DATA:

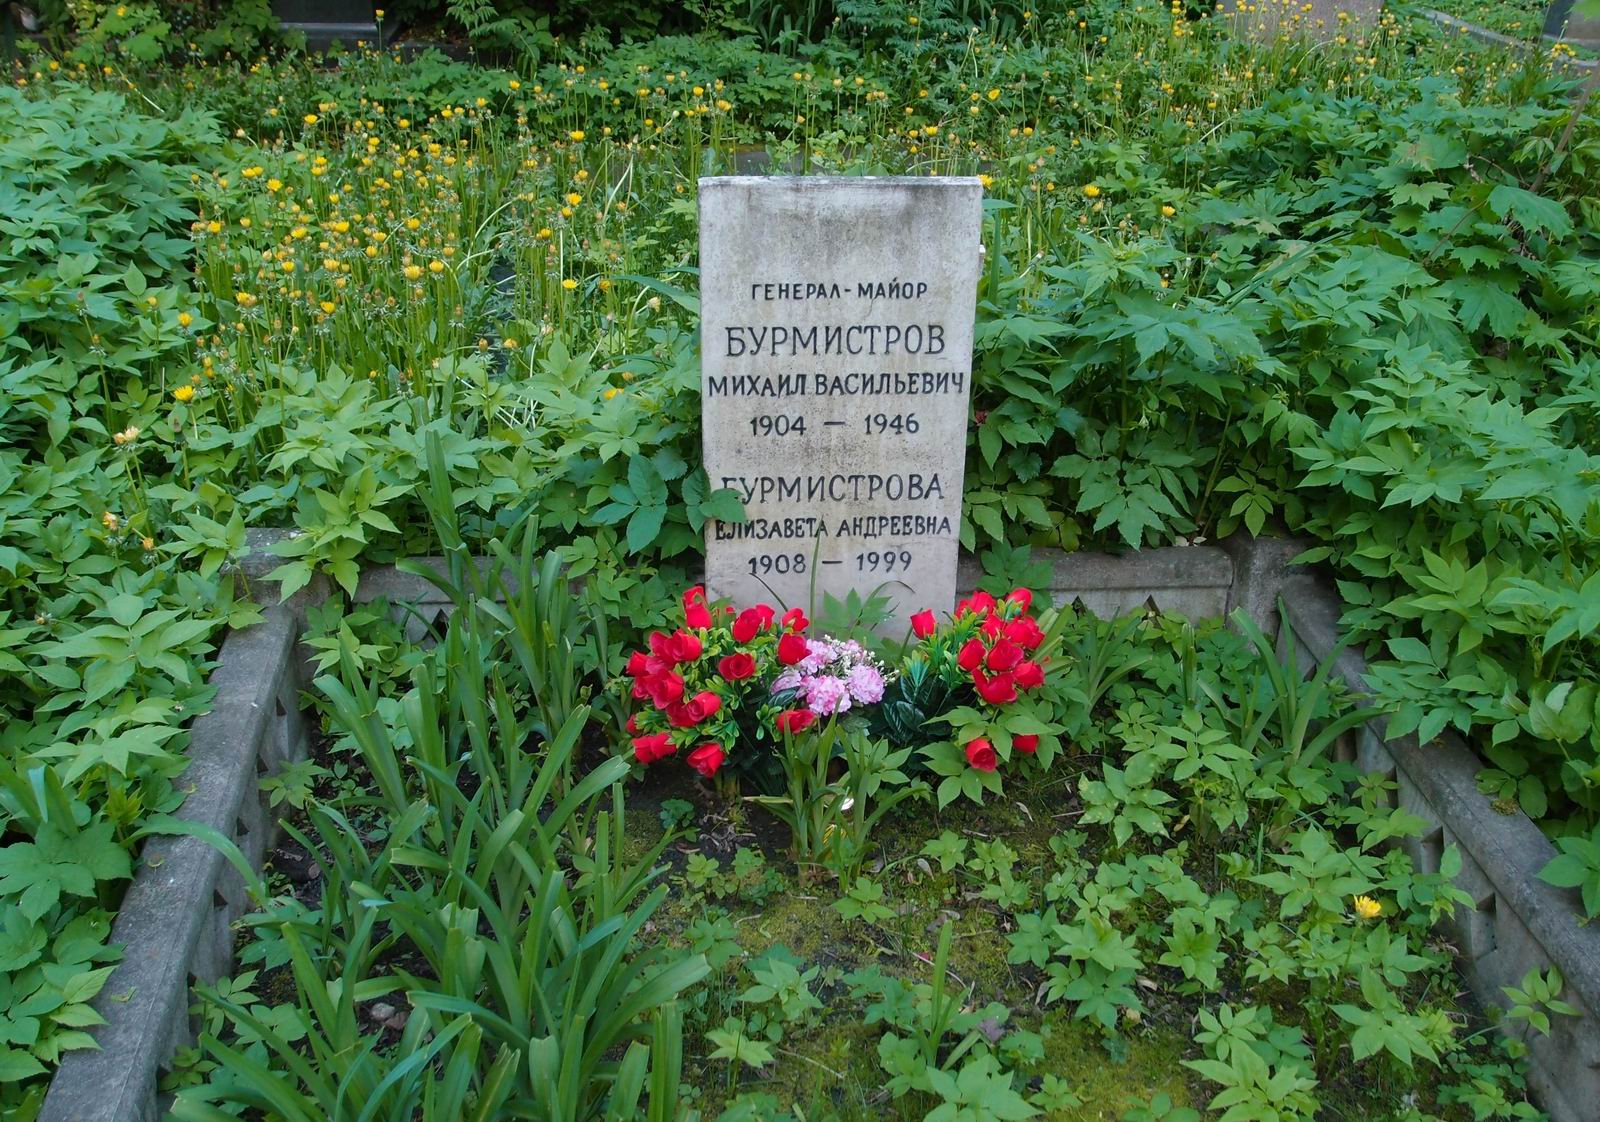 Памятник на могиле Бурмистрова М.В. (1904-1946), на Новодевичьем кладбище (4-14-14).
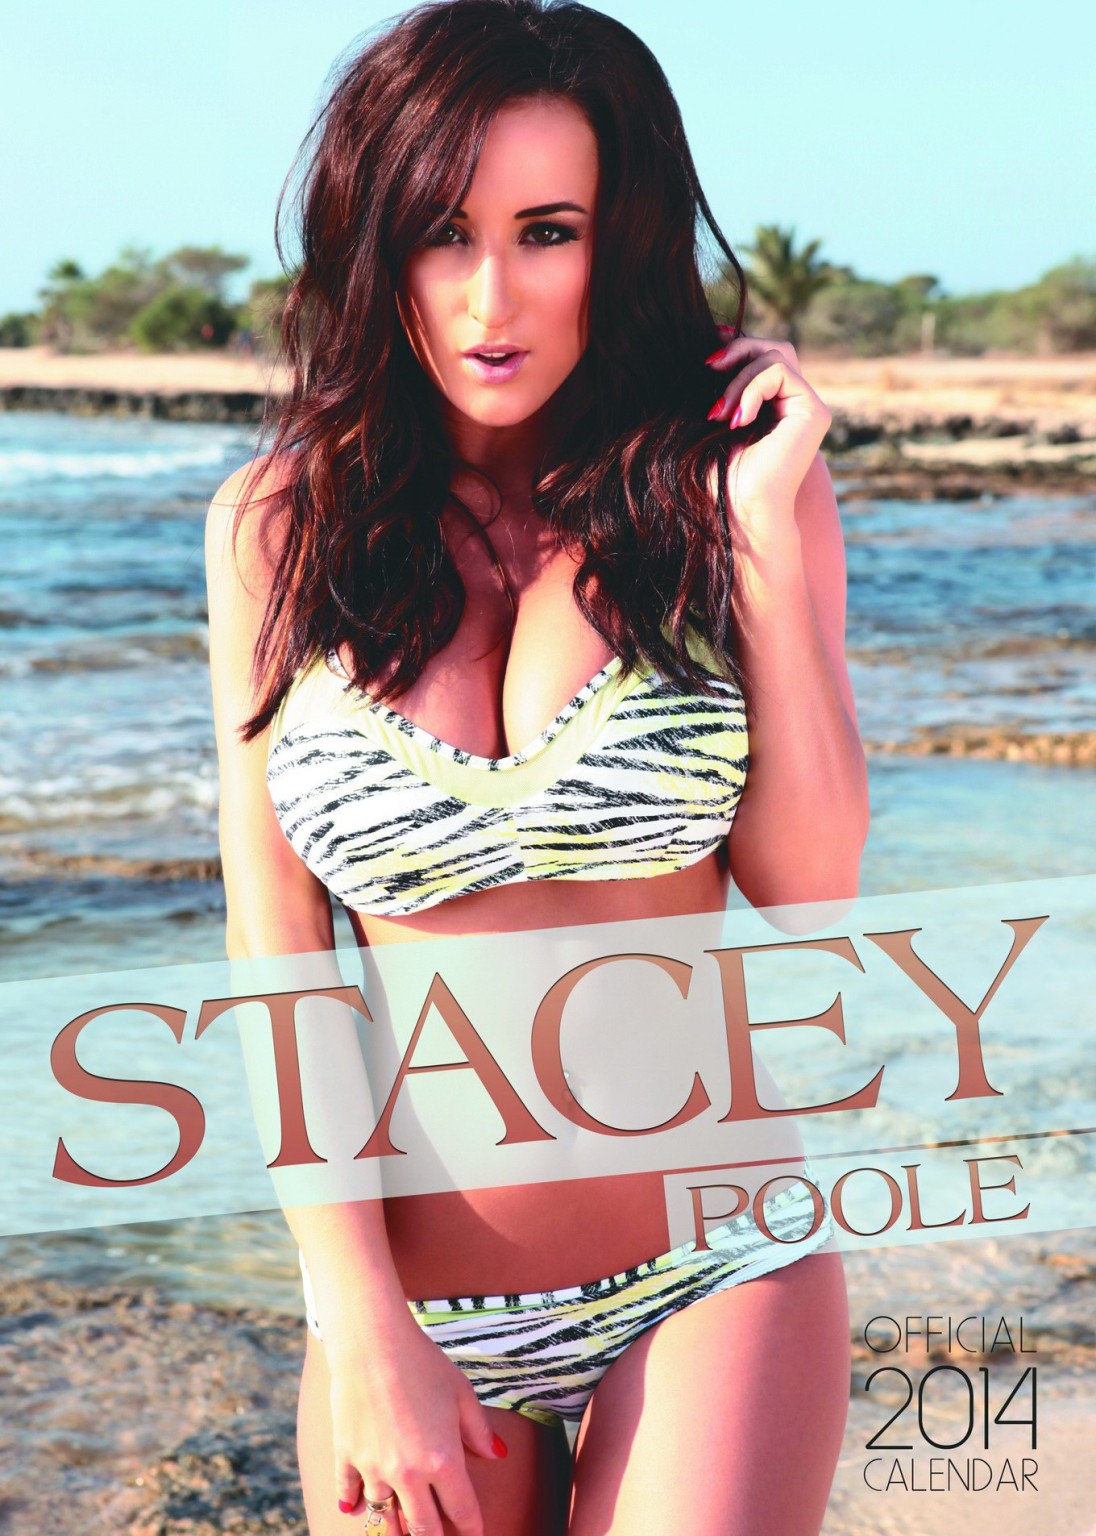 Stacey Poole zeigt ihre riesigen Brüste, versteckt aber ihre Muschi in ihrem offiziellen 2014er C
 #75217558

TASK DESCRIPTION:
Please set down the whole listing above exactly and skip every picture.

EXERCISE OUTPUT:
 Памятник на могиле Бурмистрова М.В. (1904-1946), на Новодевичьем кладбище (4-14-14).
 Stacey Poole zeigt ihre riesigen Brüste, versteckt aber ihre Muschi in ihrem offiziellen 2014er C
 #75217558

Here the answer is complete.